Acute kidney injury (AKI), acute lung injury (ALI) and sepsis are all commonly encountered in critically ill patients. Although considered as separate conditions, largely for therapeutic purposes, a common inflammatory response is often implicated in their pathophysiologies and they are frequently present simultaneously. Mortality rates in critically ill patients suffering from renal failure, respiratory failure or severe sepsis are quite similar at about 40%, and all increase substantially when these conditions coexist.
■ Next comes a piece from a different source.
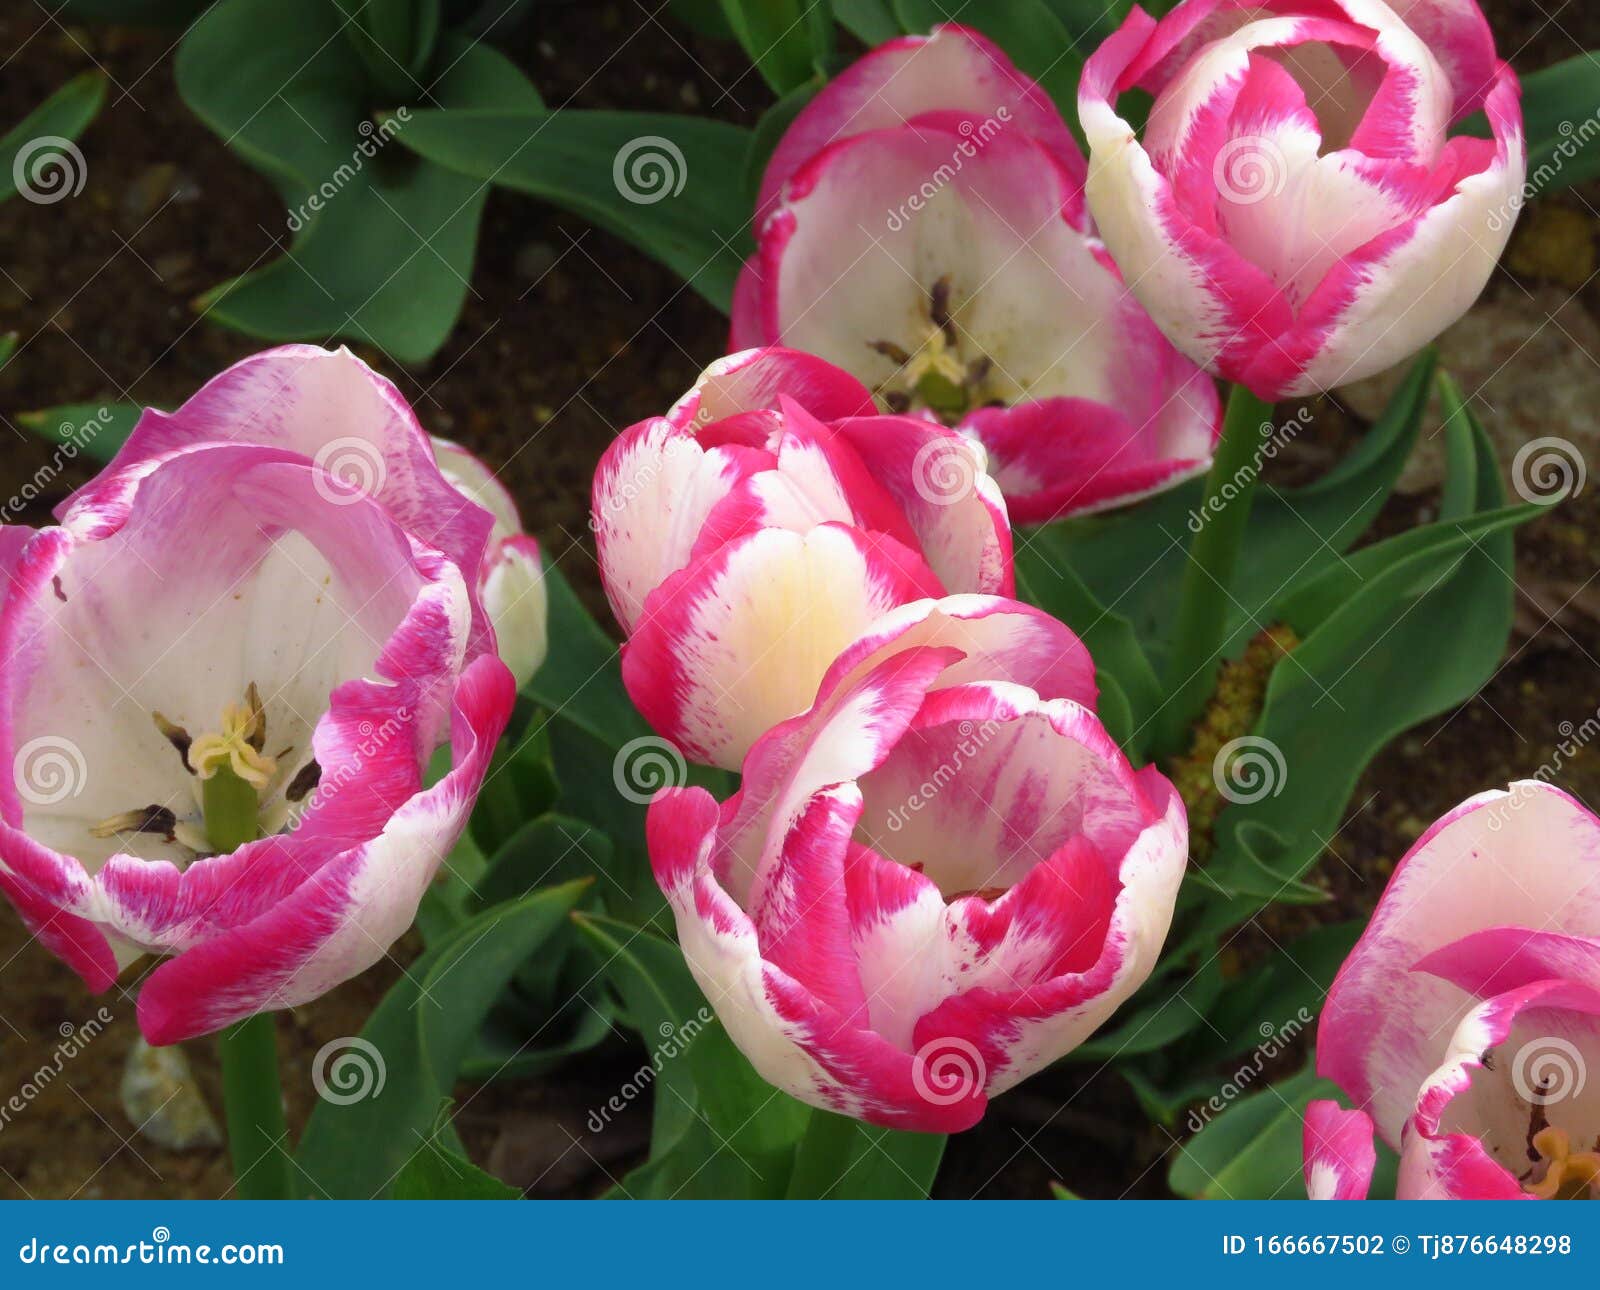 Niesamowite kwiaty brzoskwiniowe białe różowe tulipany Fioletowe tulipany w kolorach różowym i białym Tulipan Piękny kwiat wiosny w słoneczny dzień wiosny w ogródku parkowym Najlepsze zdjęcie do tapety, kwiatowego tła i karty okolicznościowej Park Emirgan Festiwal Tulip w Stambule 2019

Most intensive care unit patients will die from multiple rather than individual organ failure, and further research is needed to evaluate the patterns of organ failure in surviving and nonsurviving critically ill patients, as well as the importance and mechanisms of organ-organ crosstalk in such patients.

摘要

急性肾损伤(AKI)、急性肺损伤(ALI)和脓毒症在重症患者中都很常见。尽管在很大程度上出于治疗目的将它们视为独立的病症,但它们的病理生理学中常常涉及共同的炎症反应,并且它们经常同时出现。患有肾衰竭、呼吸衰竭或严重脓毒症的重症患者的死亡率相当相似,约为40%,当这些病症共存时,死亡率会大幅上升。大多数重症监护病房的患者将死于多器官功能衰竭而非单个器官功能衰竭,因此需要进一步研究以评估存活和未存活的重症患者的器官功能衰竭模式,以及此类患者中器官间相互作用的重要性和机制。